• _Work to be completed_
Please make sure what you return matches the listing below exactly, minus its pictures.

• _Input data_
*** Begin section ***

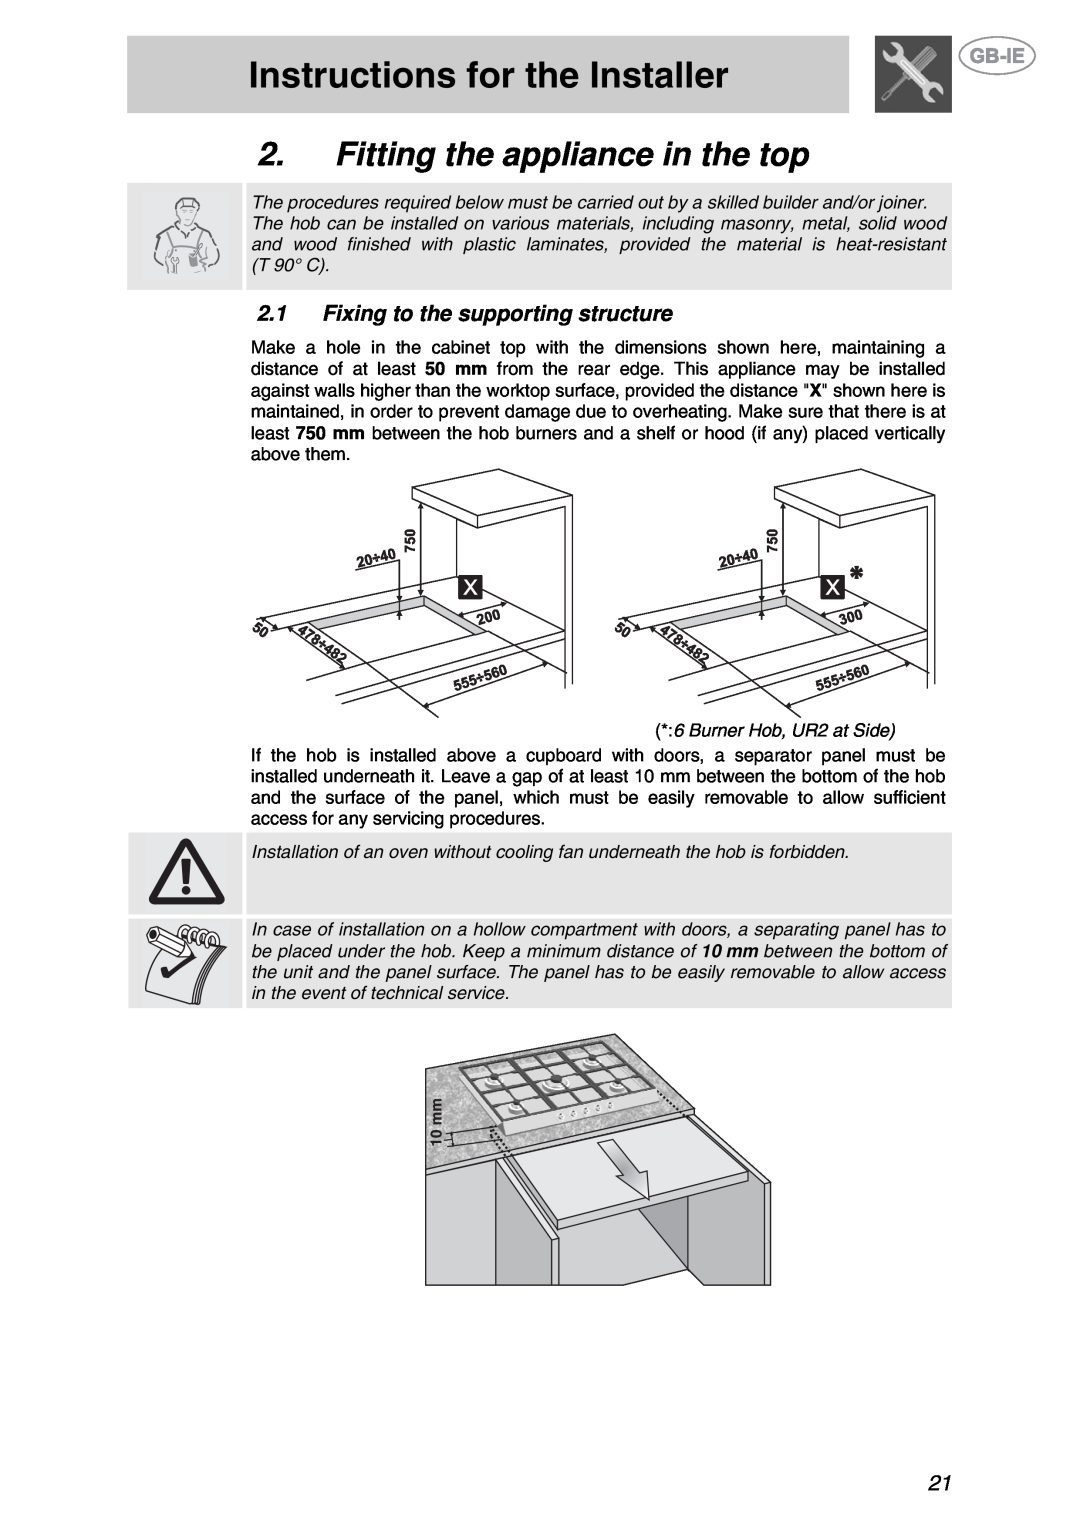 Smeg XXPTS725 manual Instructions for the Installer, Fitting the appliance in the top, Fixing to the supporting structure 
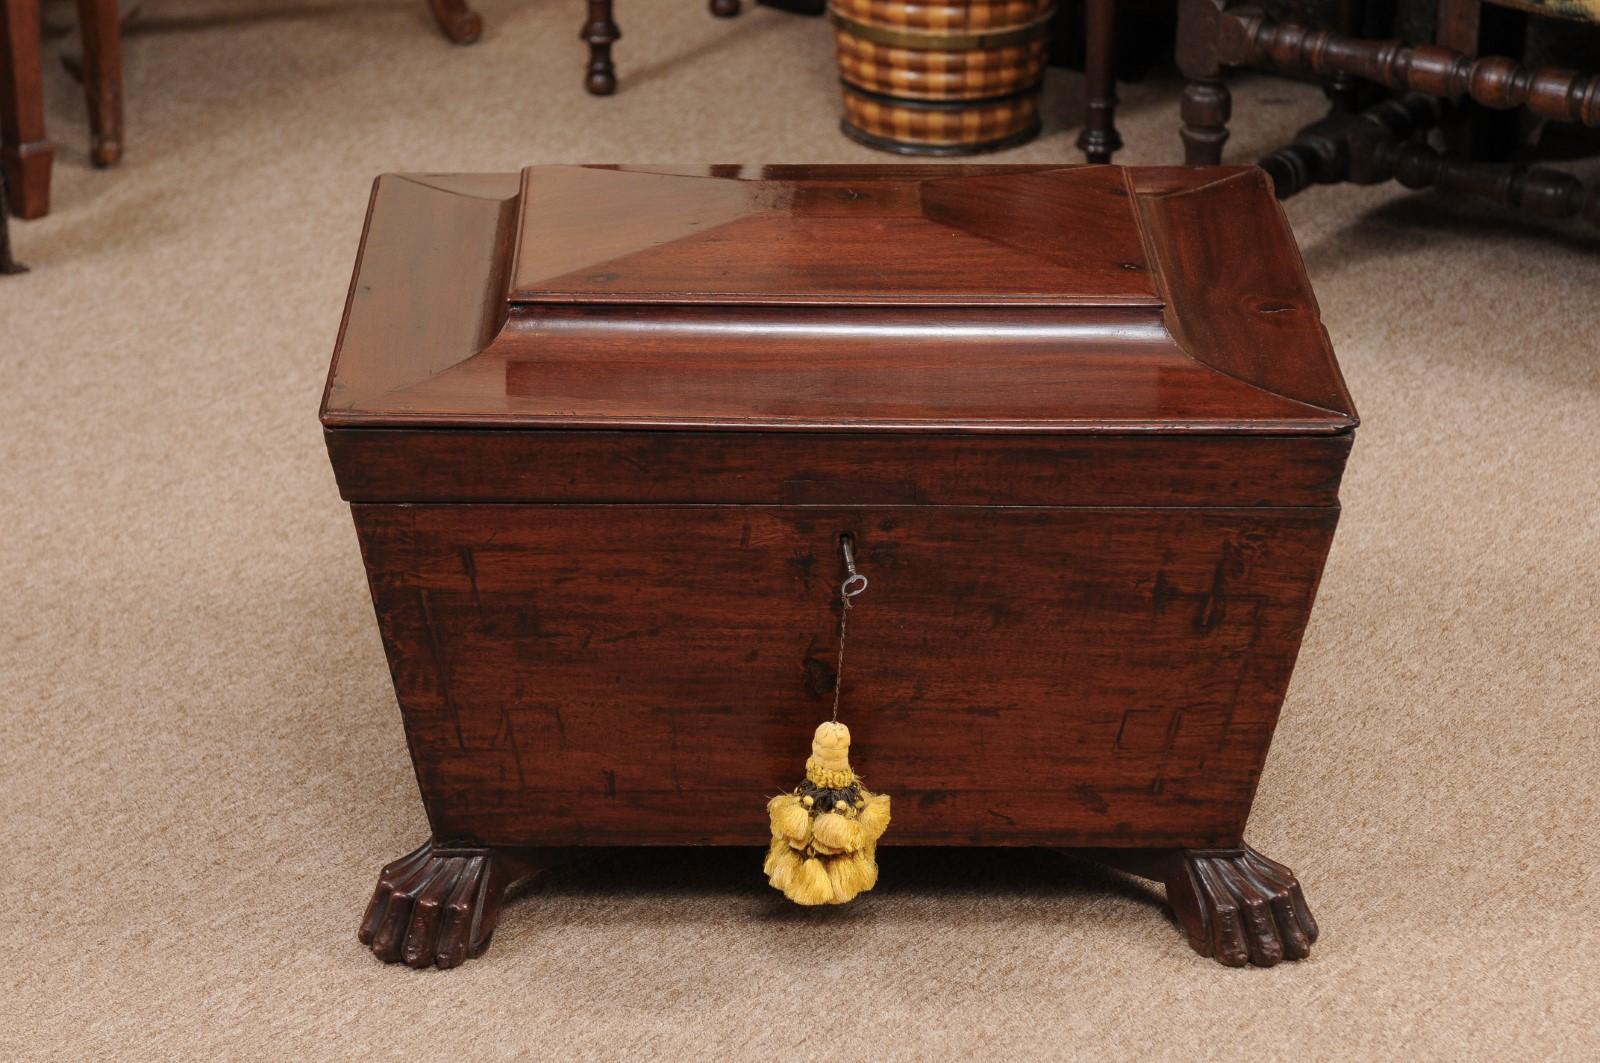 19th Century English Regency Sarcophagus-Form Cellarette in Mahogany For Sale 4
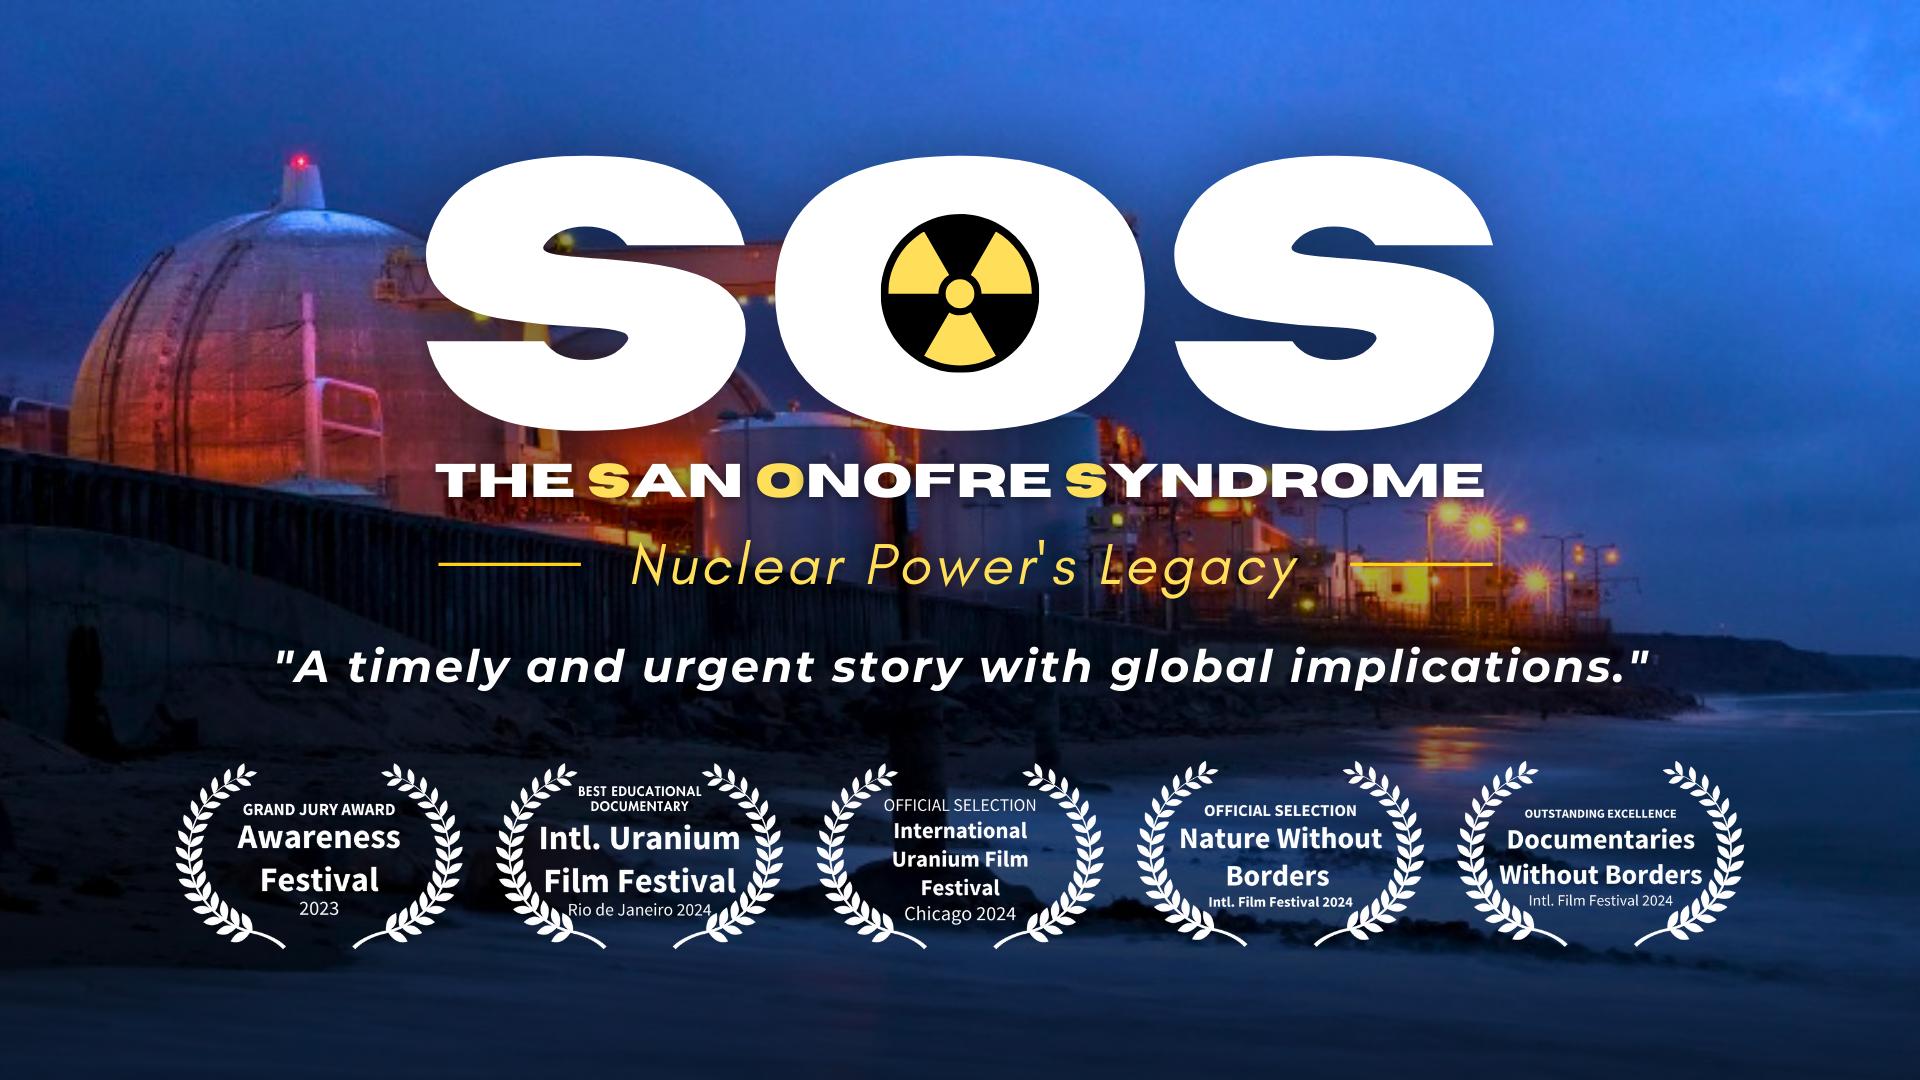 SOS – The San Onofre Syndrome: Nuclear Power's Legacy

*** End section ***

• _The completed task_
 Smeg XXPTS725 manual Instructions for the Installer, Fitting the appliance in the top, Fixing to the supporting structure 
 19th Century English Regency Sarcophagus-Form Cellarette in Mahogany For Sale 4
 SOS – The San Onofre Syndrome: Nuclear Power's Legacy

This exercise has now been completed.